8 Funding Options for Your Mobile App
Startup business owners with retirement savings
Business owners with solid personal credit
Businesses willing to provide rewards to investors
Businesses with the potential to scale quickly
Established businesses with at least two years of business operations.
Established businesses with steady revenue streams such as SAAS businesses
Businesses needing fast financing
Businesses with high growth potential
Finding startup funding can be difficult, which is why many app developers often utilize their personal finances through a rollover for business startup or a personal loan for initial funding. In addition to these methods that rely on your personal savings and credit history, startups can also receive startup app funding through crowdfunding and angel investors.

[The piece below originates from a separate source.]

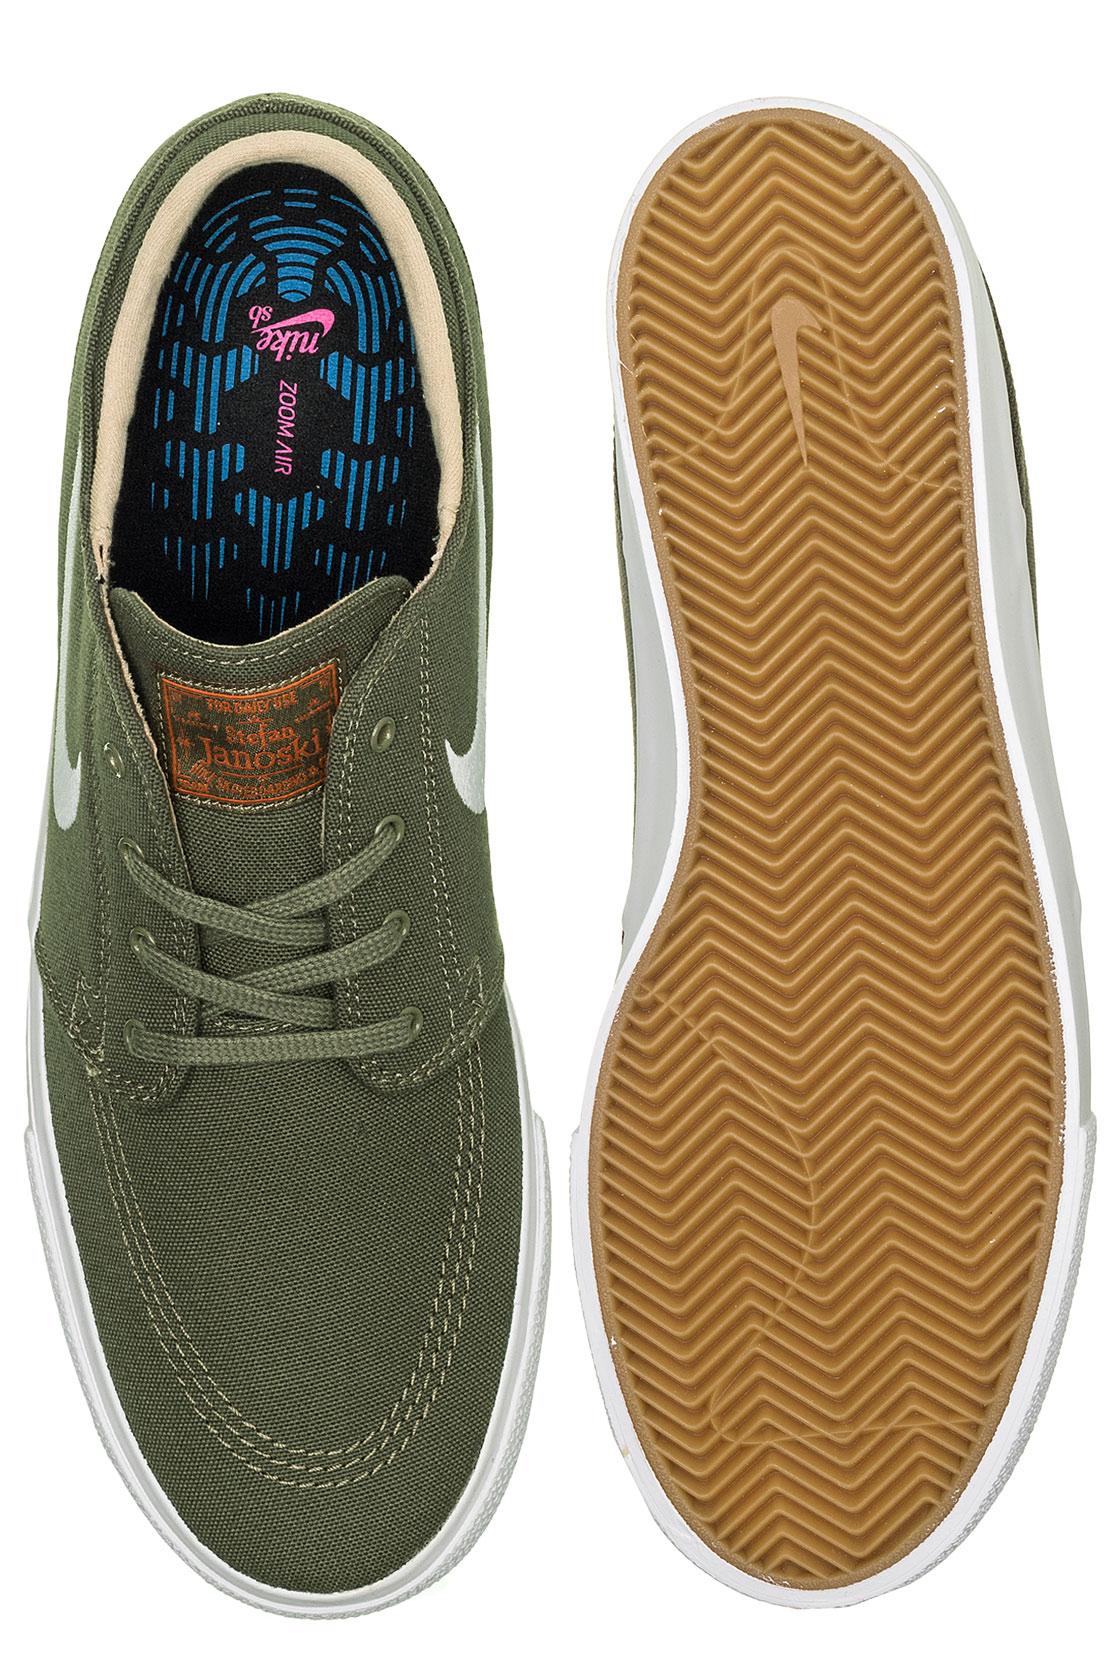 Zoom Janoski Chaussuremedium Sb Gum Rm Nike Canvas Olive wyNn0Ovm8
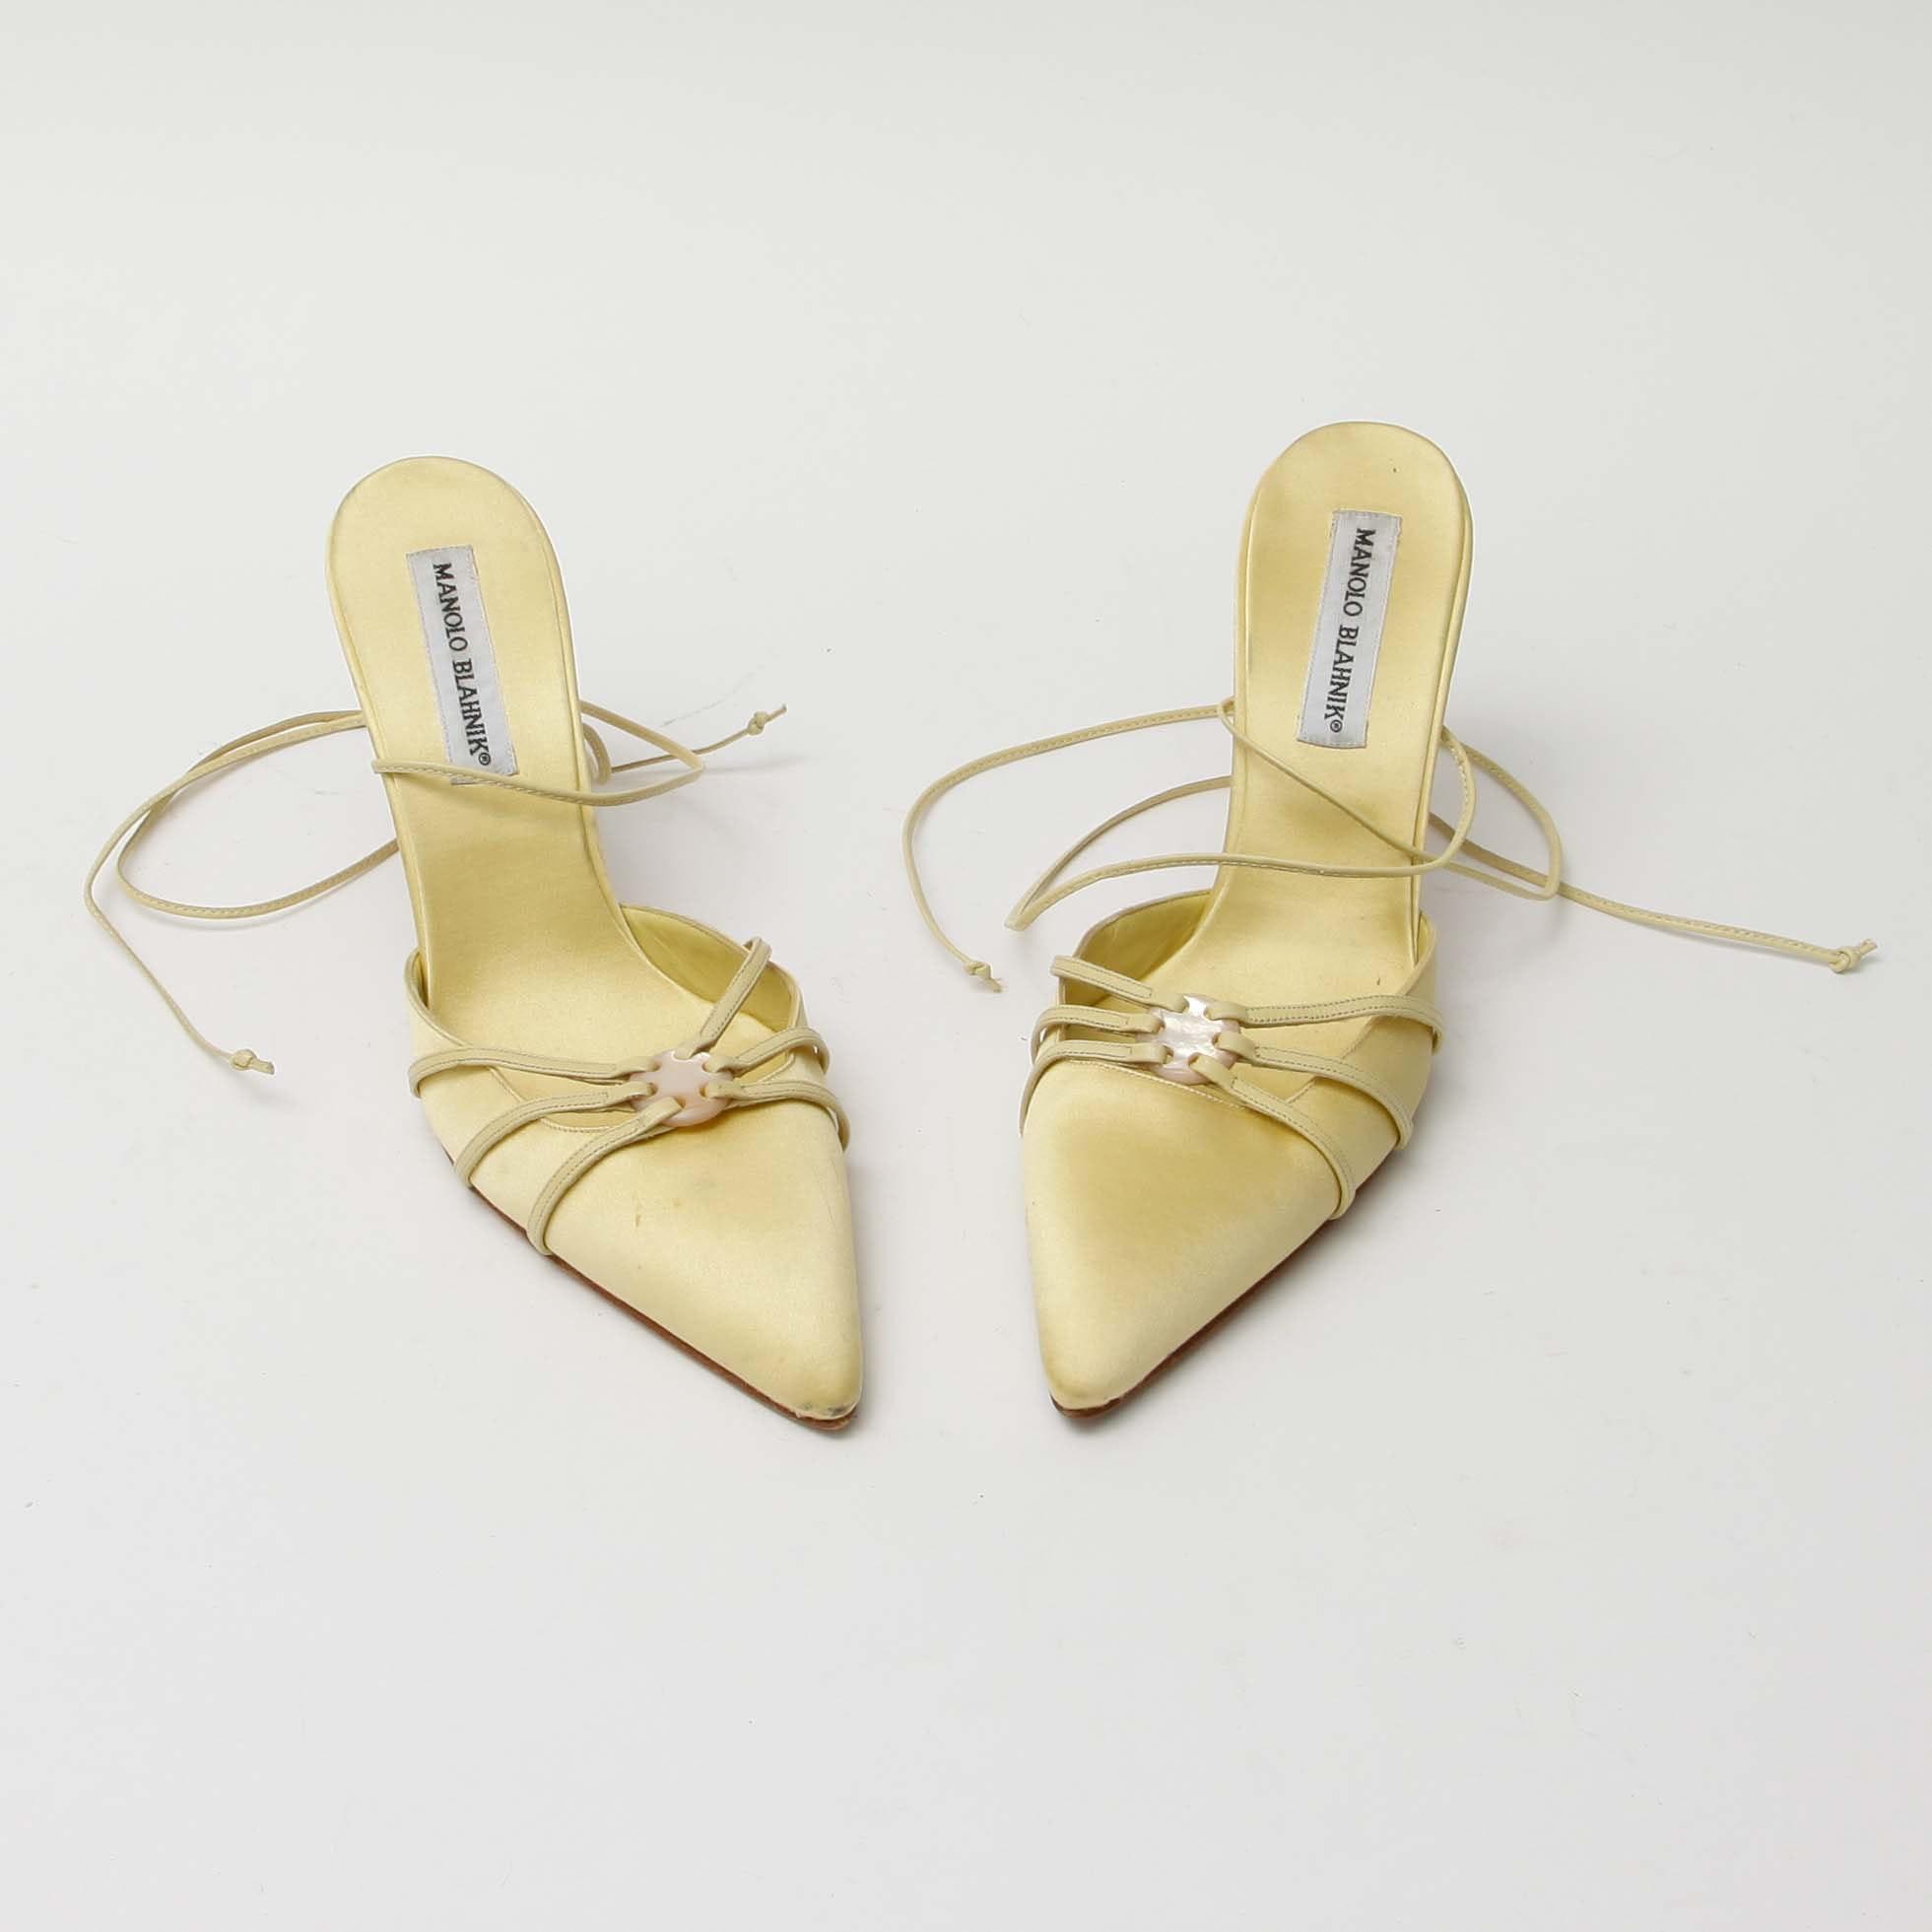 Manolo Blahnik High Heel Shoes

Even after successfully launching your product, you may need funding to grow and scale your business. Some potential sources of app funding for growth include SBA loans, revenue-based financing, online business loans, and venture capital. The type of funding that will be best for your business will depend on your business’ particular needs.
How App Funding Works
App funding is used to pay for the development and growth of a new app. In the startup phase, app funding is needed to pay for the programming and development of the app itself. Once the app is created and established, app funding is used to take the app to market and scale its user base.
The amount needed for startup app funding varies based on the complexity of the app to be developed. Many app developers lean towards crowdfunding sources in this phase. However, there are other app funding options available, such as the use of personal retirement funds, personal loans, and seeking angel investors.
As the popularity of an app grows, additional funding is needed to update the app so that it can grow and scale in the market. With an established business, it’s often easier to find funding options and business loans through the SBA, and online lenders become more viable. Additionally, for rapidly scaling apps, revenue-based financing and venture capital may also be appealing.
Potential financing options for your mobile app include:
Rollover for Business Startups: Best for Startup Business Owners With Retirement Savings
Business owners who have existing retirement savings of $50,000 or more to invest in their app may be interested in a rollover for business startups (ROBS). A ROBS allows you to utilize your retirement savings without paying any taxes or penalties for early withdrawal on the funds used from your retirement account. If you have an eligible retirement account you are willing to use to fund your app, you may want to contact a ROBS provider.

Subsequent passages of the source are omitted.